### TASK PROMPT
Where the records below show a line containing "8731d243a Outland Outfitters", start copying; end with the line containing "御子Yumiko-紧身衣漆皮私房", and copy it too.

### DATA UNDER STUDY
========================================================================
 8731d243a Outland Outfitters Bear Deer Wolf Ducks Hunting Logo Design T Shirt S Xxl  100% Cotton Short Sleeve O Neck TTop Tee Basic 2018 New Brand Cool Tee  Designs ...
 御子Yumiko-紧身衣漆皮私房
========================================================================
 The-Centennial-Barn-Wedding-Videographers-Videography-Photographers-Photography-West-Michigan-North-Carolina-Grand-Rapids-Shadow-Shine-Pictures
========================================================================
### ANSWER
 8731d243a Outland Outfitters Bear Deer Wolf Ducks Hunting Logo Design T Shirt S Xxl  100% Cotton Short Sleeve O Neck TTop Tee Basic 2018 New Brand Cool Tee  Designs ...
 御子Yumiko-紧身衣漆皮私房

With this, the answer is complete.